I haven't finished reading the post yet, but I must say: consider publishing it on GitHub (or any other public repository) as it is, no need to make the code super ideal first. Collaboration is exactly what those platforms are good for.

Edit: I mistook you text as not desiring to publish at all before refining. I see that you already have a version published, maybe a branch with updated code could do?

Edit2: NaiveDate omits timezone, I would expect that to cause problems if the code is used to get same rendezvous times independently on different devices

Edit3: instead of bit arithmetic I would've used a precomputed table or a macro that generates the same code as a table. So that it will be something like

match byte {
    0 => {}
    1 => /* add increment*/
    …
    8 => /* add increment*(2 - 1/2⁷) */
}
/* divide increment by 2⁸ */

Maybe it makes sense to do bitshift instead of dividing, maybe it makes sense to instead go from lowest to highest and multiply, but then stop condition should be calculated in advance

Edit4: also, I don't understand the stopping condition of 2*increment > 1 - total.fraq()

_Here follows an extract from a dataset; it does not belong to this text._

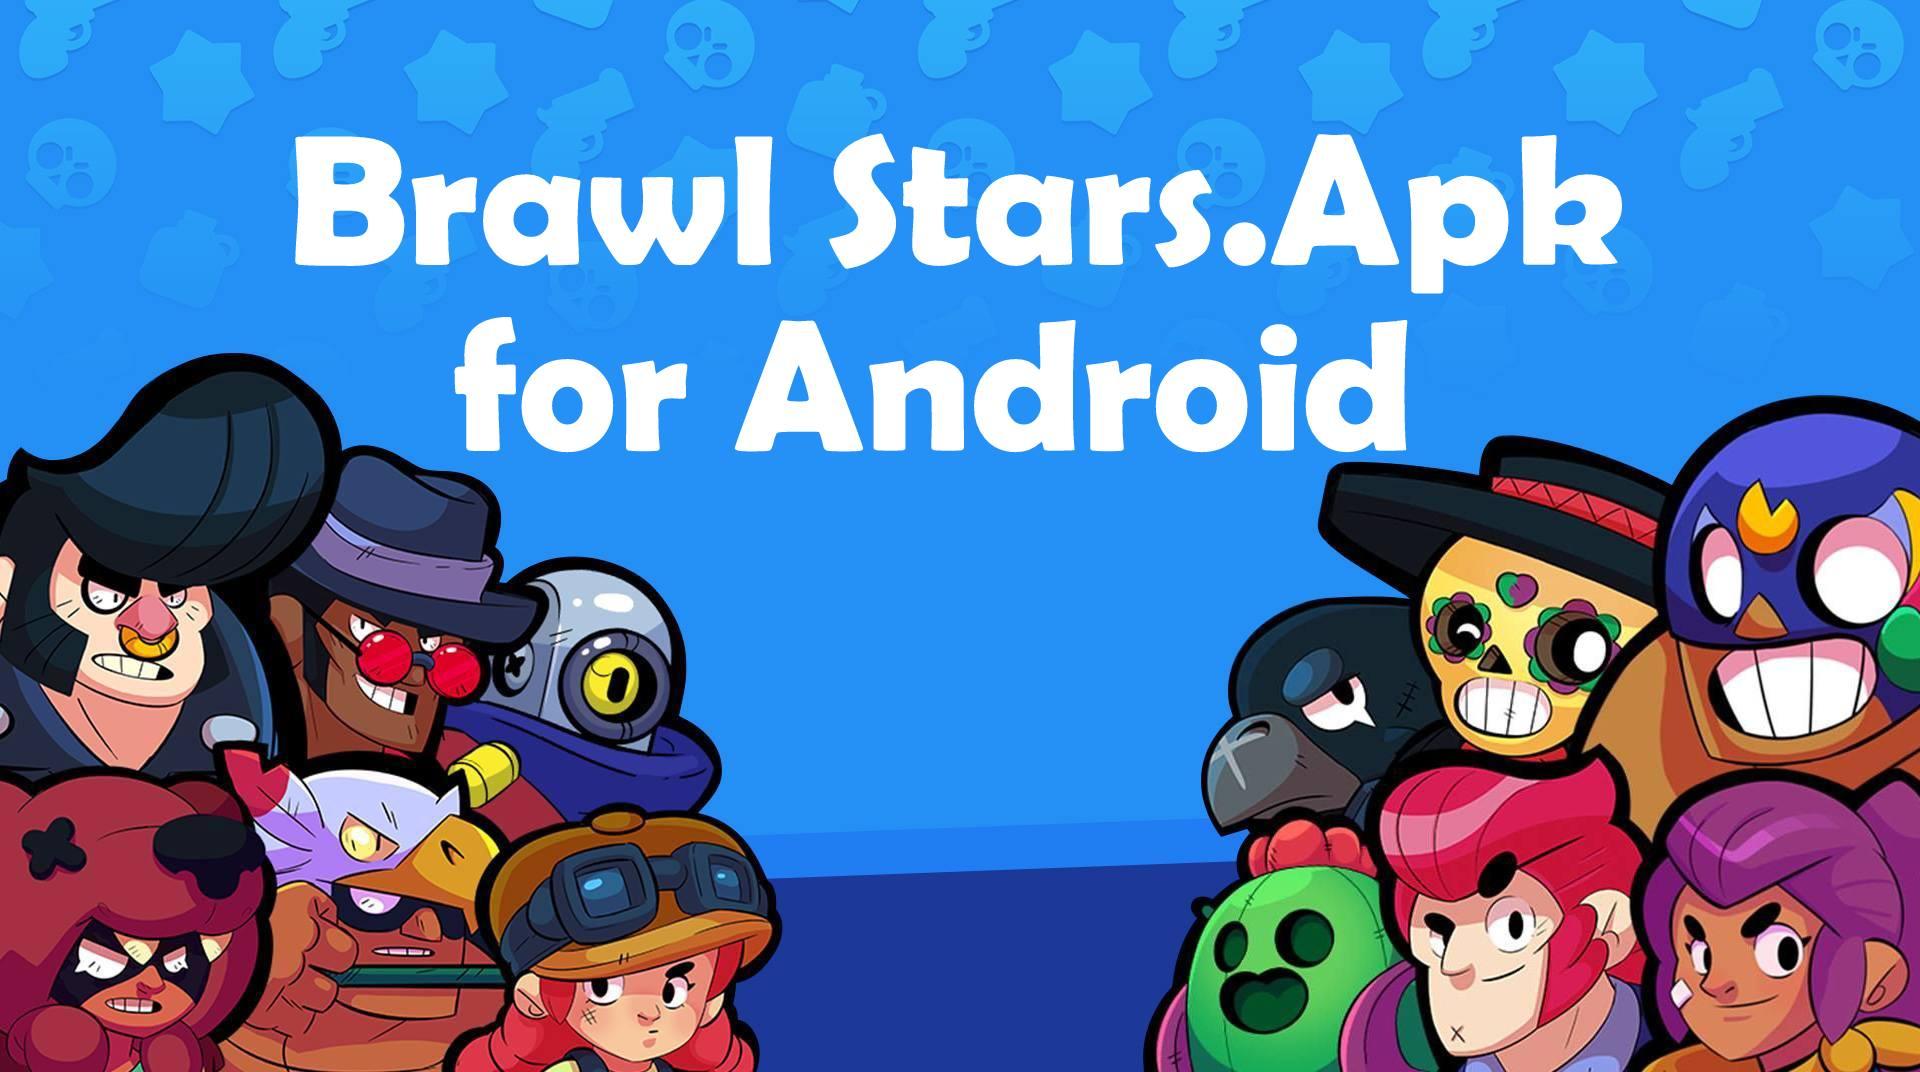 brawl-stars-apk-link

[–] [email protected] 1 points 6 months ago (2 children)

I don't know if it's because I'm stupid but I read through this post and the GitHub and I still don't really understand what it does. Could you eli5?

[–] [email protected] 1 points 5 months ago* (last edited 5 months ago)

It's because I suck at explaining stuff.

Imagine if you and a bunch of other people were huge fans or something, let's say some videogame, but there are never enough people playing that game at the same time for it to function (imagine it's a multiplayer game). Now, instead of a single person from the group remembering the game and playing it alone at random times when no one else is - imagine there was a "thing" where you put in the name of the object (in this example a game) and the "thing" spits out a number for that object each day. And every single person who has put in the same exact object (yes, kinda like a password) will get the same numbers out as everyone else. This thing outputs numbers randomly each day (but once again the random number is the same for everyone who put in the same object). There is a 50% chance the system will output 0, 25% chance it will output 1, 12.5% for 2, 6.25% for 3 and so on. Each number is twice as rare as the previous. This means we can expect a 0 about every other day on average, 1 every 4 days, 2 every 8 days, 3 -> 16, 4 -> 32, 5 -> 64, and so on. Ok, so now that we have multiple people getting the same numbers for that game each day - we can decide we'll all come online and play the game when the system gives us a number higher than a certain threshold. For someone would would like to play that game about once a month, they might set the threshold to 5 (2^5 = 32), because we can expect the system to give us a number 5 or more about every 32 days. Another person who is a more hardcore fan might set it at 3 (2^3 = 8) and another user might have it set to like 8 (2^8 = 256). So, when the number hits 5 first 2 users would be notified and might decide to come play the game. When it hits 8 (every 256 days on average), a whole bunch of people would be notified (everyone who has the threshold set to 8 or less). Instead of random people playing the game on completely random and uncoordinated days and there never being a decent amount of people online at the same time. If everyone used this system - even though the game will be dead for most of the time, on certain days, when people get notified to play it they could all come online and play it at the same time. There might be no people playing it for months, but every once in a while (let's say every 64 (2^6) days - when the system outputs 6) everyone interested could come play it together with everyone else who is using the system and the previously dead game could come back alive, if only once every 64ish days.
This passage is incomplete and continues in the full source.